**PROBLEM DETAILS:**
From the first line of the data through the line containing "doorlopend een lijn", transcribe each line exactly. Pictures do not belong in the copy.

**GIVEN INFORMATION:**
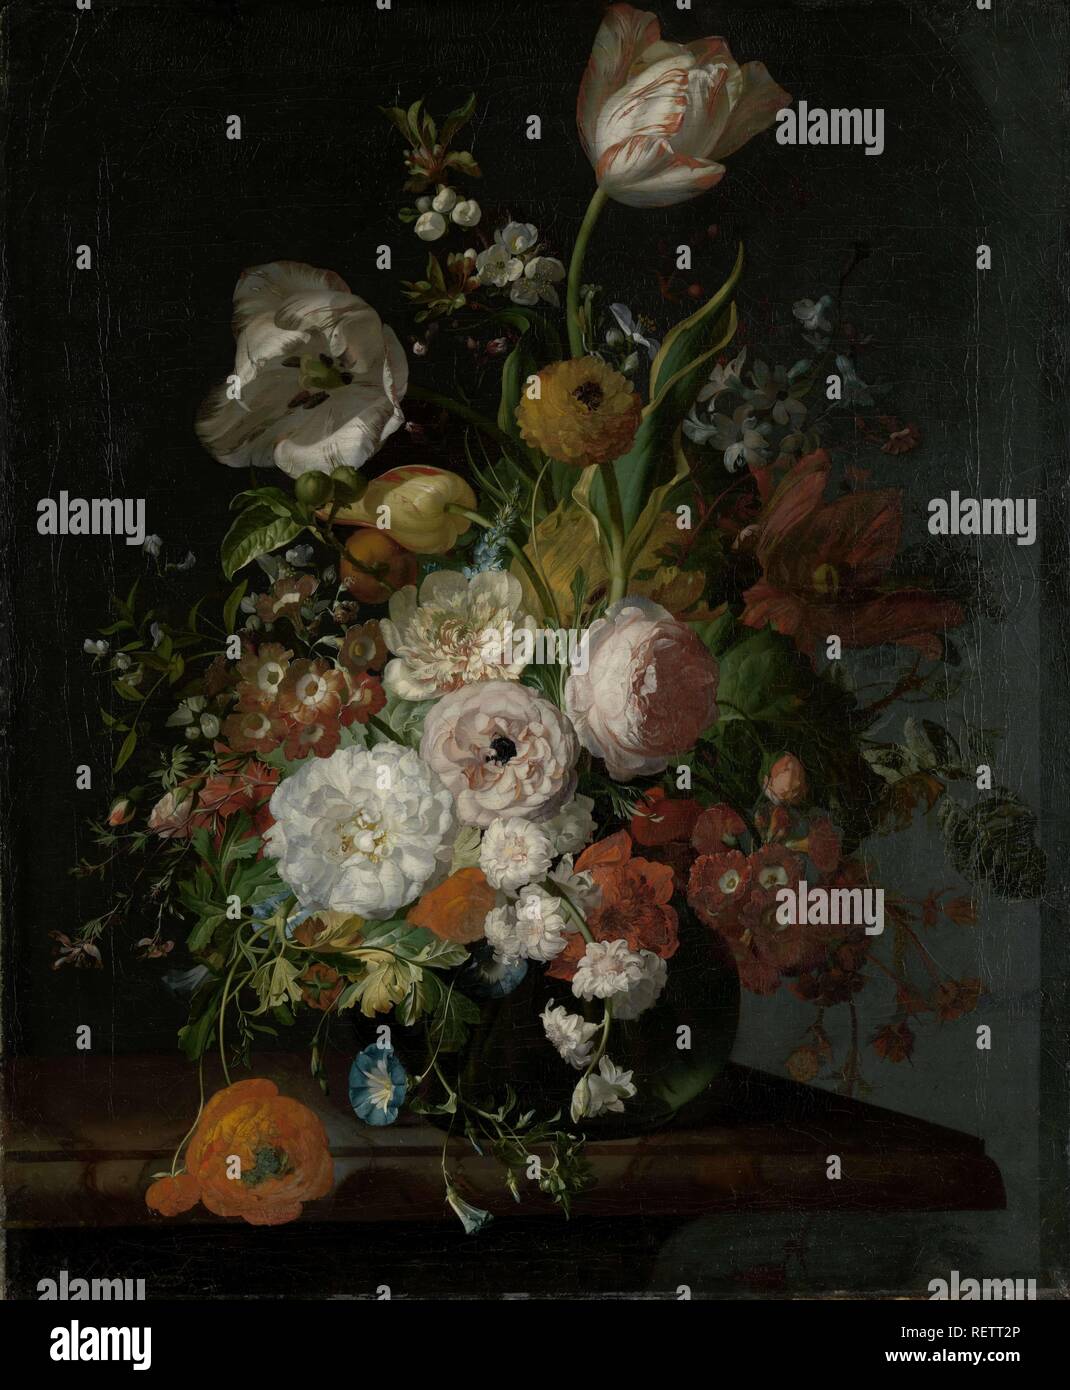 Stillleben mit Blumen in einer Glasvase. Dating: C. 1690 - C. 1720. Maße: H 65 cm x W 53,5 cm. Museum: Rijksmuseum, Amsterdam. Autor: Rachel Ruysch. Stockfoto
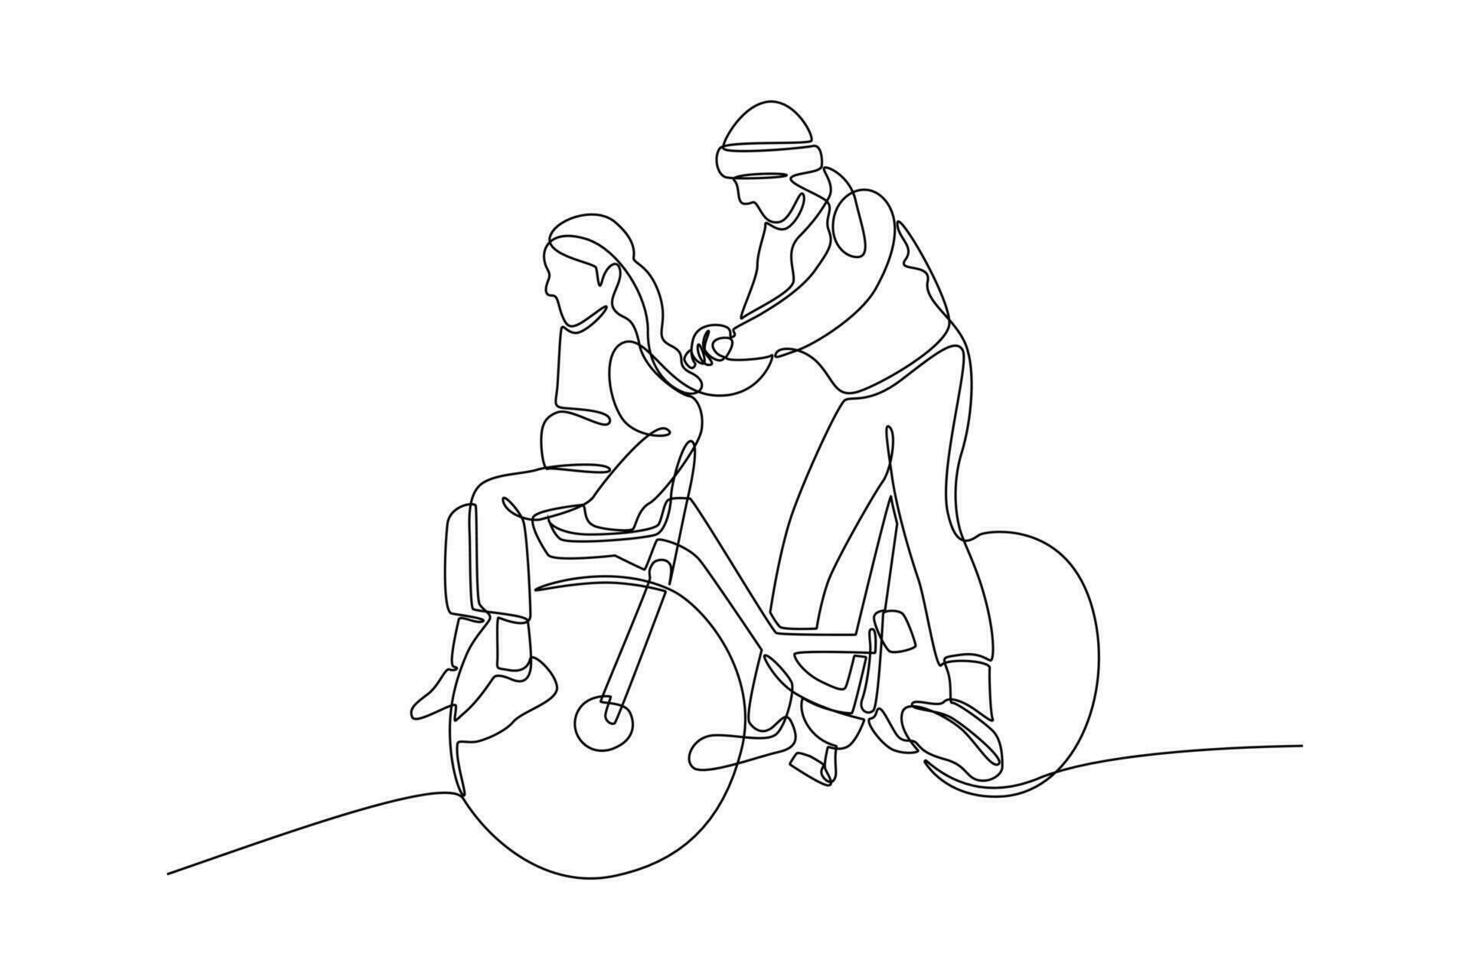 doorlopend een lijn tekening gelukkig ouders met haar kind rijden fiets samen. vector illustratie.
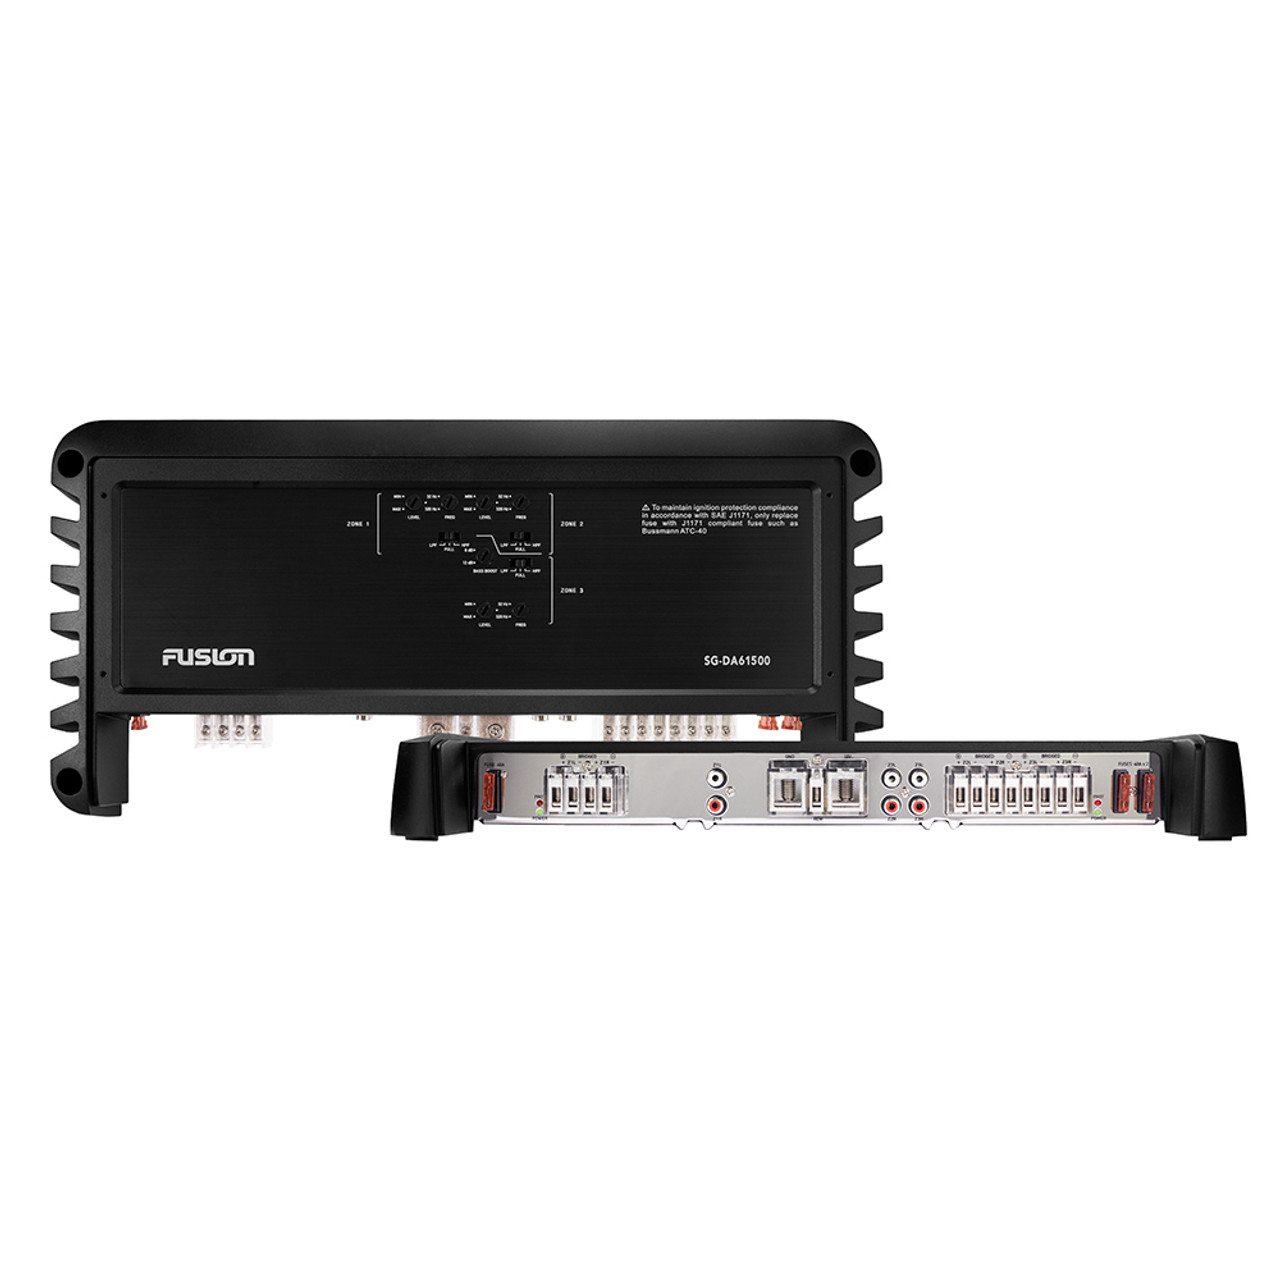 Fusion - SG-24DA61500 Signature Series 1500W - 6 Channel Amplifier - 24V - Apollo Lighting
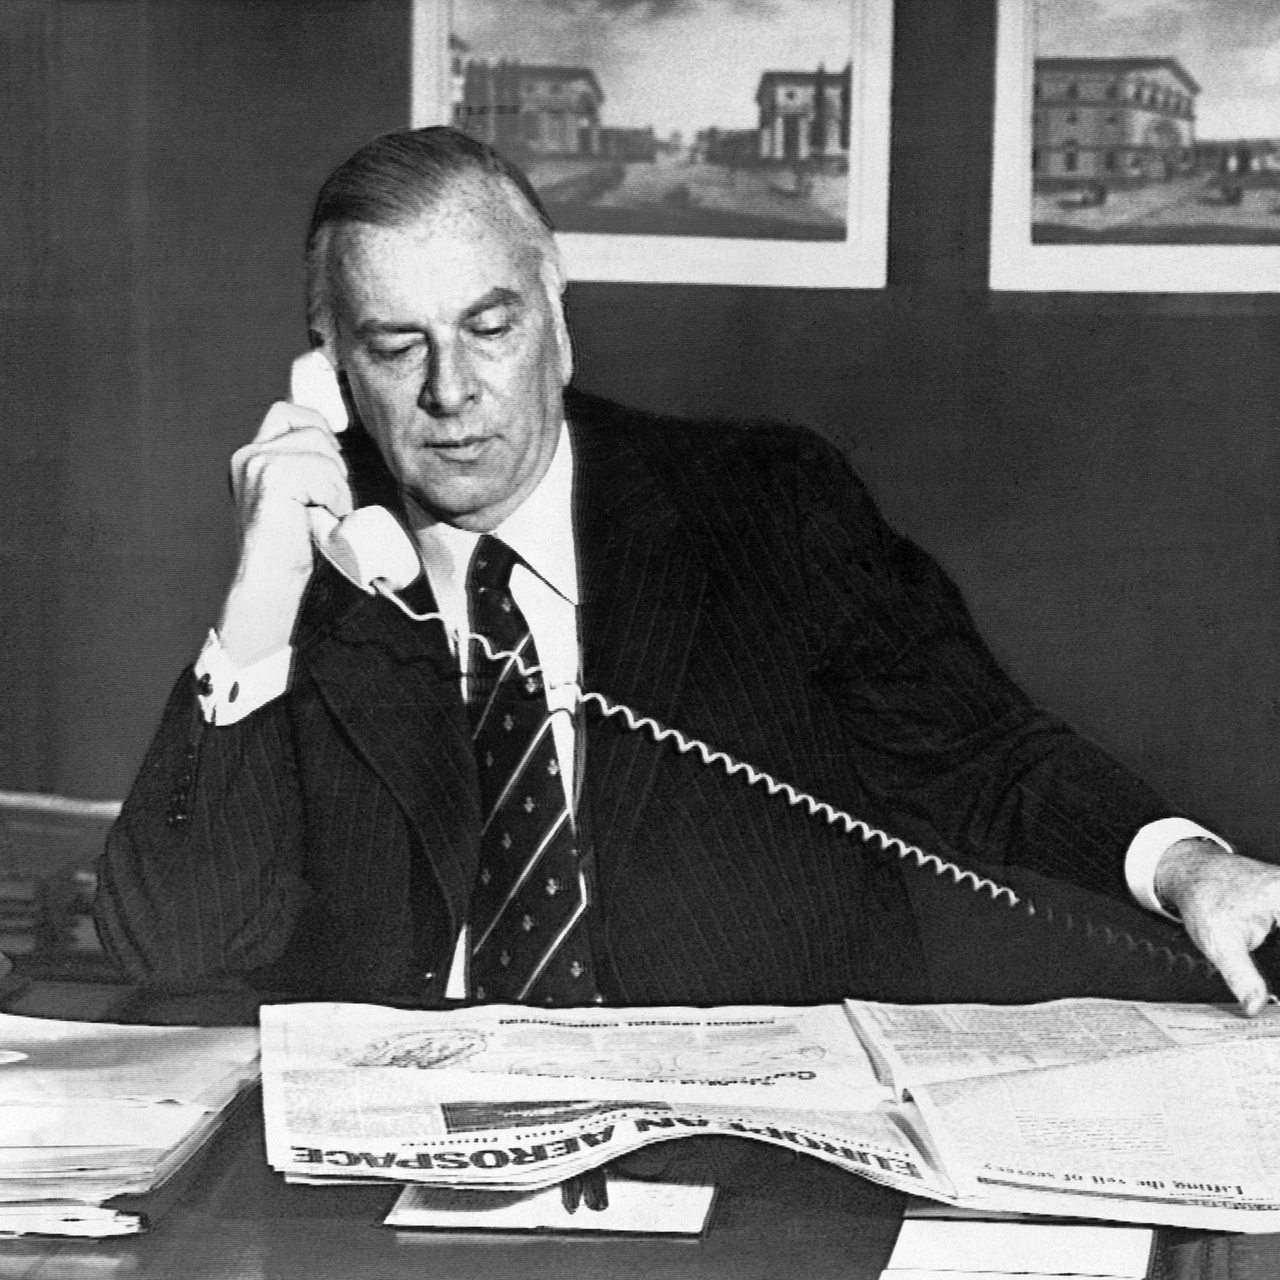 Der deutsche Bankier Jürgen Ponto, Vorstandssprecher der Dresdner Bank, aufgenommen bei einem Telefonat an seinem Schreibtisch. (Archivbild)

**YOUR RESPONSE:**
 Stillleben mit Blumen in einer Glasvase. Dating: C. 1690 - C. 1720. Maße: H 65 cm x W 53,5 cm. Museum: Rijksmuseum, Amsterdam. Autor: Rachel Ruysch. Stockfoto
 doorlopend een lijn tekening gelukkig ouders met haar kind rijden fiets samen. vector illustratie.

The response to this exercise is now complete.